В Италии была совсем другая жизнь. В его доме всегда находились постоянные жильцы, гости и приживальщики. За помощью к Алексею Максимовичу обращались многие эмигрантские писатели. Он всем помогал, всех кормил, а на себя тратил ничтожную малость: папиросы да рюмка вермута в угловом кафе на единственной соррентинской площади. Полюбил он фейерверки, праздники, которыми была богата жизнь в Италии. Все это дало повод съехидничать Василию Розанову в одном из писем: «Наш славный Massimo Gorki».

И все же Россия тянула к себе Горького, к тому же новый хозяин страны Сталин предпринимал немалые усилия, чтобы заполучить писателя, побудить его к возвращению. Горький со своей популярностью, авторитетом, влиянием и значением в мировой культуре должен был украсить фасад СССР. Гуманизм Горького, по идее Сталина, должен был прикрыть преступления режима.

Интересно читать переписку Сталина и Горького. Писатель написал вождю более 50 писем, а все, кстати, эпистолярное наследие Горького составляет гигантскую цифру – 10 тысяч писем, из которых до сих пор не опубликовано более 15 процентов.

Горький – Сталину, 29 ноября 1929 года, Сорренто:



«…Страшно обрадован возвращением к партийной жизни Бухарина, Алексея Ивановича (Рыкова. – Ю. Б.), Томского. Очень рад. Такой праздник на душе. Тяжело переживал я этот раскол.

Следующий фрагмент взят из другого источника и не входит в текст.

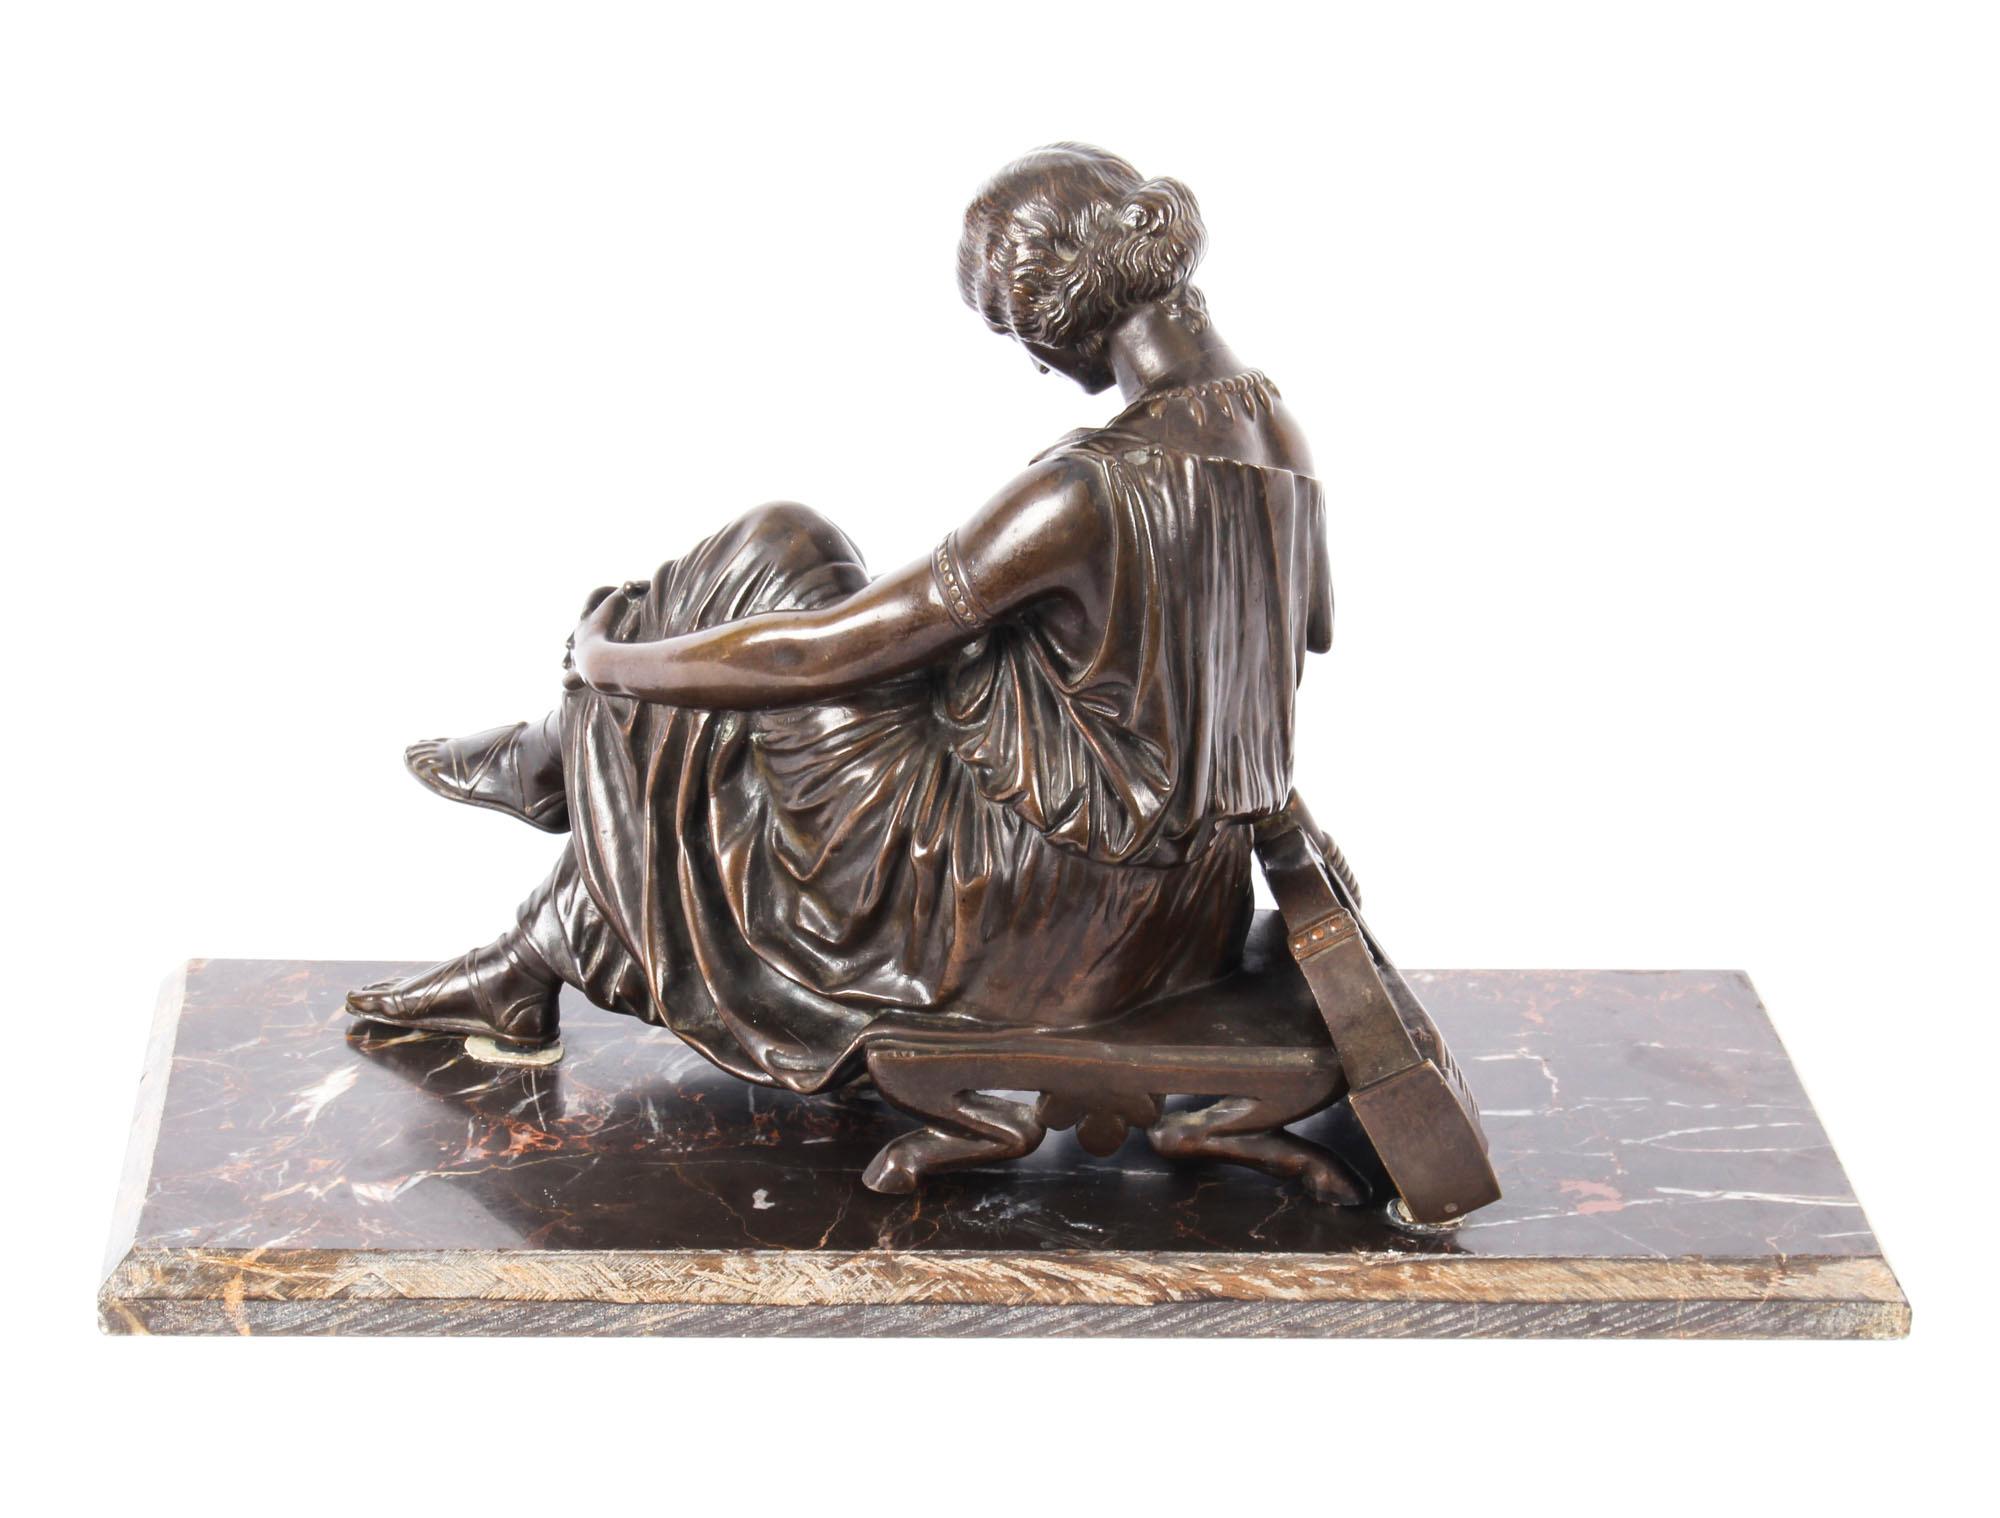 Mid-19th Century French Bronze Sculpture of Seated Poet Sappho after J. Pradier, 19th Century

Крепко жму Вашу лапу. Здоровья, бодрости духа!

А. Пешков».

Так и тянет скаламбурить, что Пешков остался пешкой в сложной политической игре вождя. В конечном счете Горький и был пожертвован как пешка, когда выполнил свою функцию гуманистической вывески Советской страны и стал раздражать своим чрезмерным человеколюбием. Но это произошло не сразу. Поначалу Горькому всё понравилось по возвращении на родину. Он верил в происходящие в стране процессы и ни на секунду не допускал, что они сфабрикованы. Клеймил «врагов народа»: «Если враг не сдается – его уничтожают» – печально знаменитая статья Горького в «Правде» от 15 ноября 1930 года. Дружил с наркомом внутренних дел Ягодой. «Освятил» рабский труд заключенных на Беломорканале. Провел Первый съезд советских писателей. Он много сделал позитивного для Сталина и Страны Советов. Был за это возвеличен и восхвален (город Горький, улица Горького, театр имени Горького и т. д.). Жил Горький в своеобразной золотой клетке, бдительно охраняемой НКВД, многое не увидел и многого не понял, но постепенно начинал прозревать, ведь не случайно, что он так и не написал панегирик Сталину, которого от него так ждали. Рука не поднялась?..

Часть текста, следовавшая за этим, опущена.